More and more that I think about this, it really seems like 'expected signal levels' per a database somewhere and it clashes with the normalization that I do.  Not only that, decoded material can have a very different signal level than undecoded.   Also, I believe that @PeterSt did mention different file formats.  If that truly ends up being the problem, I'll have to be more careful to use consistent file formats.   I never thought that it made a difference, but I guess it just might...

 

Here are my standards (sometimes not fully acheiving  them):

1)  Both versions of snippets are normalized to the same level.   The snippets are normally normalized on the snippet basis and not the entire recording.   The reason for normalizing on the snippet basis is that sometimes a recording has stronger dynamics after being decoded, and the decoded snippet will be pushed down in level.  The method used is an attempt at fairness when doing comparisons.

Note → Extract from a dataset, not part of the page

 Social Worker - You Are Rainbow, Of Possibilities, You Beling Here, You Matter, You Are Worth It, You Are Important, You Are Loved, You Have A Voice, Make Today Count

2) When doing album decodes, they are done in-place, and whatever level that each song comes out with is left as is.   Then, after the entire album is decoded, then the maximum level of all songs are determined, and everything is normalized based on that.   Since this normalization is done manually, after manually measuring the levels,  the target maximum peak for the entire album is approximate, and usually between -0.10dB and as low as -1.0, but seldom ends up being as low as -1dB  maximumt.   My target is  -0.80dB, usually ends up being a little higher like -0.50dB.

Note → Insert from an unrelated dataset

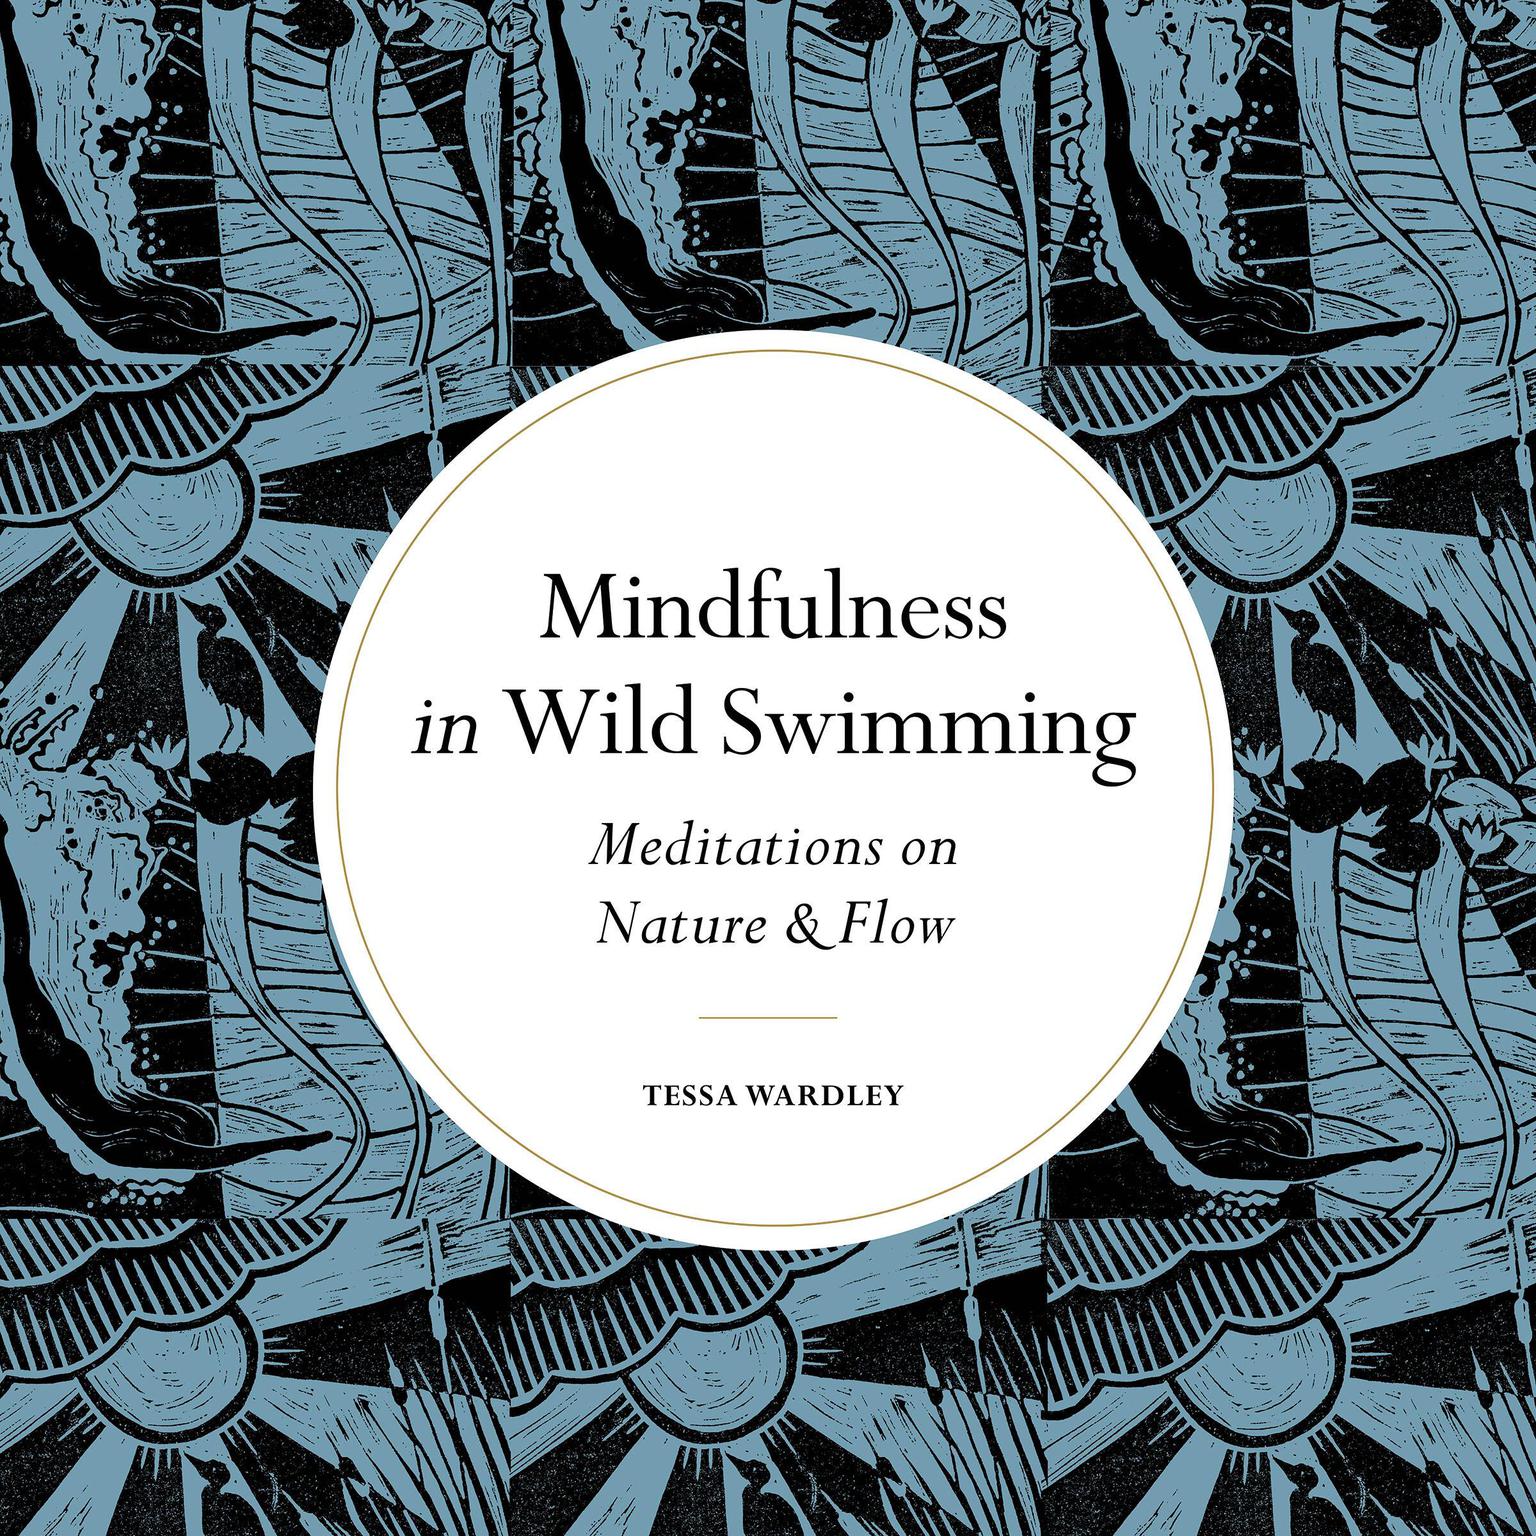 Mindfulness in Wild Swimming: Meditations on Nature & Flow Audiobook, by Tessa Wardley

3) When a single song is decoded, most often I'll automatically normalize it to -0.80dB.   On request, I'll certainly leave it alone, but when decoding without modifying levels, FA materials usually end up being between -6/-7dB to -2/-3dB.    Very seldom they approach 0dB and very very seldom below -7dB after decoding.

 

As an experiment, I believe that we should obscure the metadata on some test recordings, but that just might not work because tere are methods for getting a signature of a recording by processing the beginning, then can be found on a database.

 

If my guess about the problem is getting close to theproblem, we might have to look into explicitly disabling the recogntion of recordings?   This might not be the problem -- but obviously something odd is going on.

 

I promise you -- I almost never create something at -20dB or worse (unless test material), and certainly cannot do above 0dB unless handing off FP files.

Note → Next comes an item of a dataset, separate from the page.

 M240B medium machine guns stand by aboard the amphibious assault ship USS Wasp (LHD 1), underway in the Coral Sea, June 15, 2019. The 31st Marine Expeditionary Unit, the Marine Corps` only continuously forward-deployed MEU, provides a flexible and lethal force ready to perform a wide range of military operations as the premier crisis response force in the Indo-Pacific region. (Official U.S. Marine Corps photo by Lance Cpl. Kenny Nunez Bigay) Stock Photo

Maybe, I'll check into the user manuals on the tool that seems incompatible with files.

This is a very interesting problem, because I am so very careful to produce REASONABLE (however imperfect) levels.

I am actually hoping that there might be a metadata flag somewhere that suggests disabling any magic processing.

 

BOTTOM LINE -- I truly don't know yet.

 

 

Link to comment

You know how difficult this project has been, however probably more difficult than it should have been.   This note talks about resolving one of the persistent problems, and how much easier the testing and less variability there will be in the near future.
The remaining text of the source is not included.